[Htmlparser-user] How to extract more than one tag by only once parsering?
Brought to you by:
derrickoswald
From: Jesse H. <hp...@gm...> - 2006-08-03 02:21:56
|
Hi All, When I'm using the htmlparser library, I suffered from a difficulty. In a html there are many tags such as title, div, input, span and so on. For example: <title>this is a test </title> //...... any other tags <div class="A"> <span class="B"><a href=" www.google.com ">google</a></span> </div> //...... any other tags <div class="C"> <div class="D"><input type="text" id="E" value="msn" /></div> </div> //...... any other tags <div class="C"> <div class="E"><span class="B"><input type="text" id="E" value="aol" /><a href=" www.live.com ">live</a></span></div> </div> In this example maybe the whole html include many tags. if I want to get the content 'this is a test', maybe I can use a TagNameFilter, I have to parse the whole html.
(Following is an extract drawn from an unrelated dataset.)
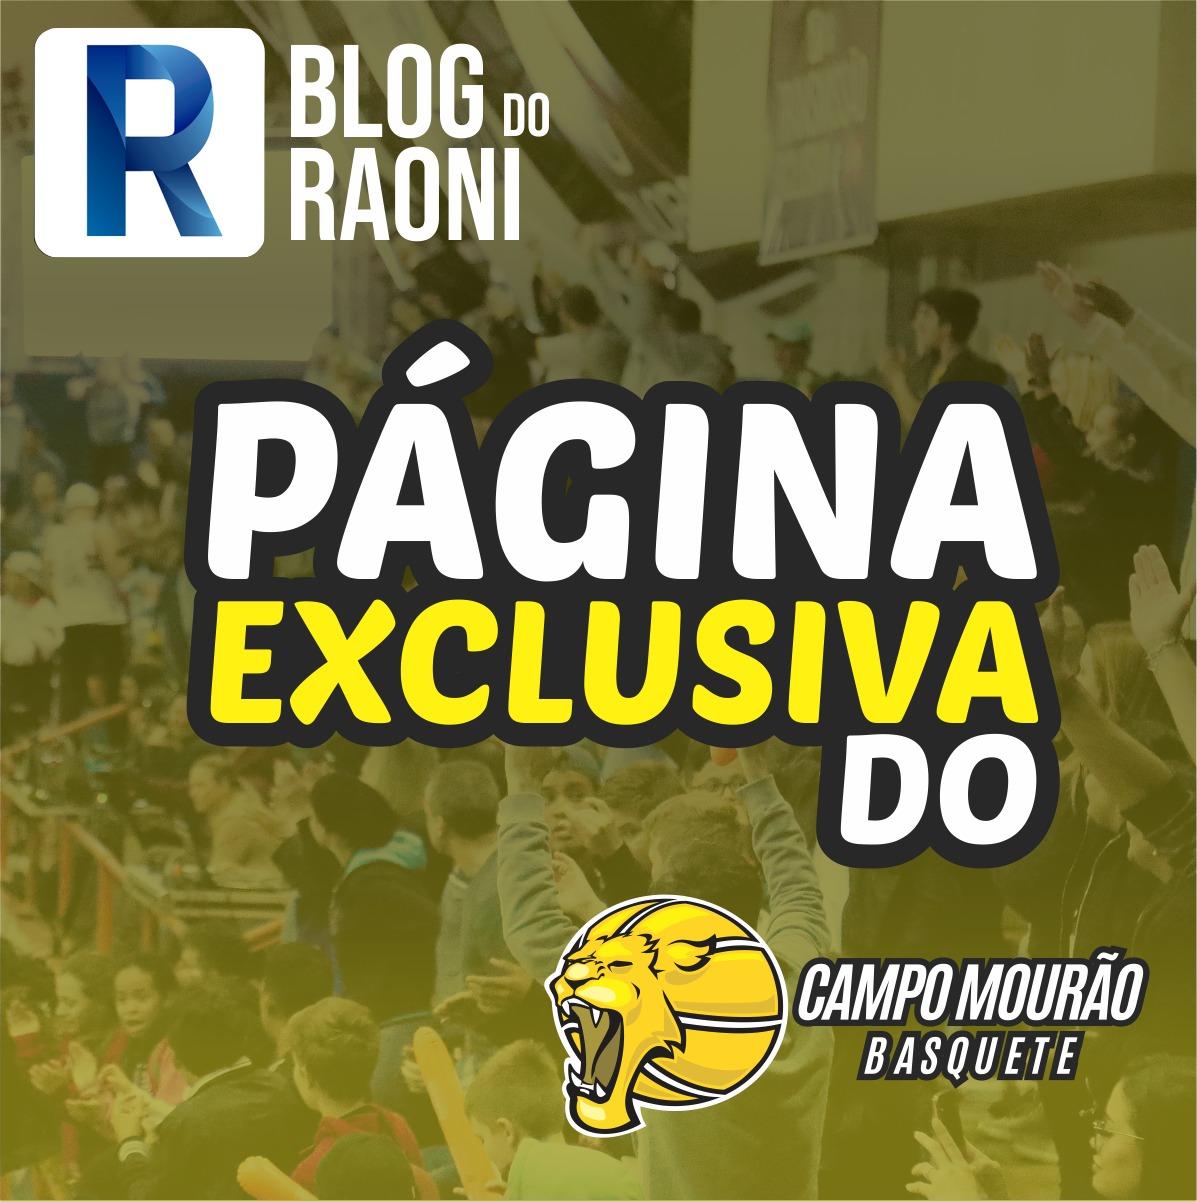 PÁGINA EXCLUSIVA – CAMPO MOURÃO BASQUETE

If I want to get the content 'google' or 'www.google.com' then I have to parse the whole html for the second time and if I want to get 'msn', 'aol', 'live' maybe I should parse the whole html for several times. In this way I can get the content what I need but maybe this way will impact the performance. Is there any other way to do that? Maybe I can also use OrFilter to get the Nodes but how can I identify a text match which tag? If I want to store them into DB I have no idea how to do that by only once parsing the html (the best performance). I beg your help. :-) Thanks and Best Regards Jesse |